# Homebrew on DSI?



## Zerotance (Nov 9, 2008)

I searched youtube and saw this=


Does this mean that he has got another homebrew working on the dsi?
From his website:



			
				QUOTE said:
			
		

> ? BMDS (2008/10/21 00:50) ? BMDS (2008/10/21 00:50)
> ???????????????? Shooting sound GESHIMYURETA
> BMDS.nds?7???????????????? BMDS.nds orthodox key to the seven key settings,
> BMDS_touch.nds?9???????????????????? BMDS_touch.nds nine, including a unique touch to the key placement is key.
> ...


But then there is a video of him playing it on a DSI
Another hack? By someone else?

At Yasusoft's youtube channel, it shows him playing this on a DS lite, but someone else has got it on a DSI?

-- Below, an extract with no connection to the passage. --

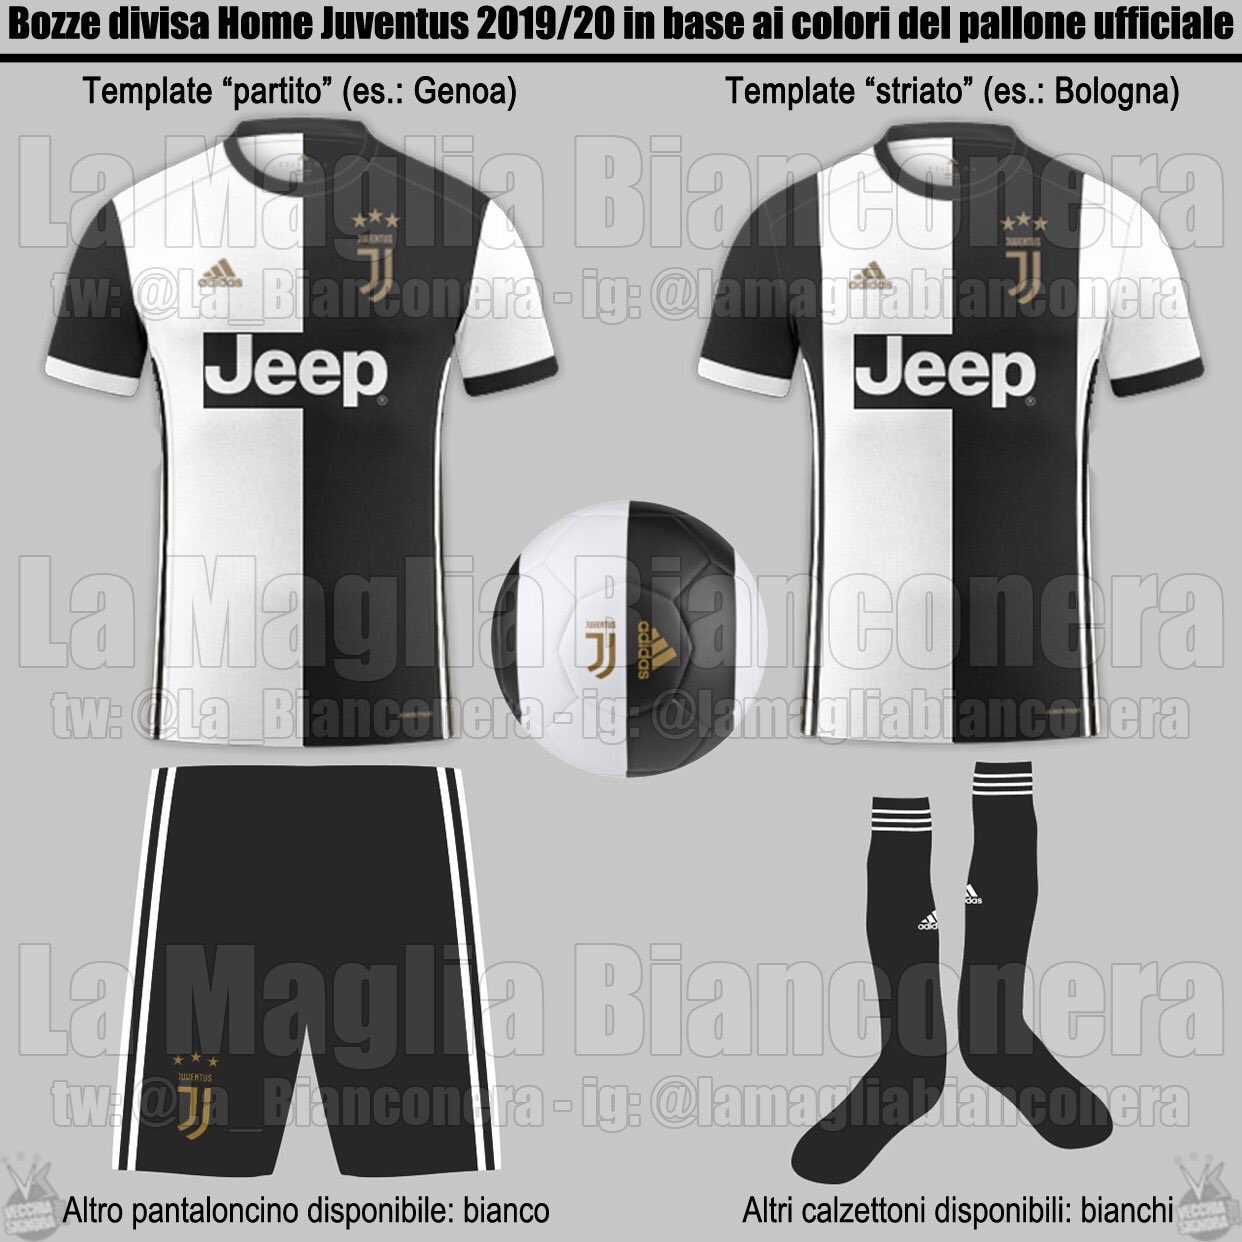 Around Turin en Twitter: "Colors are official, the design not yet but very  probable. Enjoy the Juventus kits 2019/20 by @La_Bianconera  https://t.co/yOJ0ANmrFG" / Twitter

EDIT: If you look at the first mini-second, it displays a menu like the NDS backup tool, but not any way on getting out of it from the video.
Does he know something that we don't?


----------



## Holaitsme (Nov 9, 2008)

Sorta cool


----------



## Noitora (Nov 9, 2008)

Really cool, I wonder if this is running through the SD slot...


----------



## psycoblaster (Nov 9, 2008)

if it does run on the sd card... lol


----------



## Raika (Nov 9, 2008)

Just asking, but what homebrew is he playing?


----------



## chuckstudios (Nov 9, 2008)

Raika said:
			
		

> Just asking, but what homebrew is he playing?



Pop'n DS, I believe.


----------



## ZenZero (Nov 9, 2008)

its some sort of music game


----------



## raulpica (Nov 9, 2008)

Yeah, it's Pop'n DS. I wonder if Homebrew will have to be converted for the DSi...


----------



## RupeeClock (Nov 9, 2008)

That's good, now all the "Hello World" naysayers can shut it.


----------



## itsRANDELL (Nov 9, 2008)

Go Yasu! Hopefully in about a month or so, we can play commercial ROMS on our DSi


----------



## Rock Raiyu (Nov 9, 2008)

Yay homebrew. I hope its through the SD slot. That means less money out of my pocket!


----------



## Wabsta (Nov 9, 2008)

yay, that's awesome!


----------



## Noitora (Nov 9, 2008)

I was going to buy a cyclo DS but I should wait before spending my $$.


----------



## Narin (Nov 9, 2008)

Just a heads up folks, what was used to do this was a save game exploit. So far, there are currently 3 known save game exploits but so far, none of them can be used to play commercial games or flashcards, just homebrew. There are groups of people right now trying to find all the save game exploits they can.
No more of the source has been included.